The Computational Event Data Project

The Computational Event Data Project is a twenty-five-year project focused on the development and application of political event data; it has been variously funded by the National Science Foundation, Penn State University, and the University of Kansas. The project has three major research concentrations:

Software development for the machine-coding of political event data

The initial focus of the project was the development of techniques for converting English-language reports of political events into event data. This replaced labor-intensive and error-prone process of human coding with inexpensive, transparent and reproducible automated coding. This effort produced the KEDS and later TABARI computer programs, as well as a number of utility programs for filtering texts and aggregating the resulting event data so that it can be used in statistical analysis.

Production of event data sets

Using the automated coding program, news reports from the Reuters and Agence France Presse wire services, and the World Events Interaction Survey (WEIS) event coding scheme, we produced several event data sets that can be downloaded for use in political studies. Our primary focus has been on the Levant —Egypt, Israel, Jordan, Lebanon, the Palestinians and Syria—though we also produced short-term data sets for other regions, and we are currently providing support for the near-real time GDELT data set. As part of an NSF-sponsored project which used event data to study mediation, we developed the CAMEO event and actor ontology to replace WEIS in our work.

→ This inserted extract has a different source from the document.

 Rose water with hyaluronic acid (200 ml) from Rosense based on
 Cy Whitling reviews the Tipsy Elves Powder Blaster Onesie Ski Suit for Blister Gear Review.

Development of early warning methods

Most of our research has focused on the development of early warning techniques for political change, primarily using the Levant as a case study. We have experimented with a number of different methods, including factor analysis, discriminant analysis, an assortment of clustering algorithms, and most recently hidden Markov models.

This research was funded primarily by the U.S. National Science Foundation including grants SES-9410023, SES-0096086, SES-0455158, SES-0527564, SES-0921027 and SES-1004414. Additional support has been provided by the University of Kansas General Research Allocation Fund and a Fulbright-Hays Faculty Research Abroad Fellowship.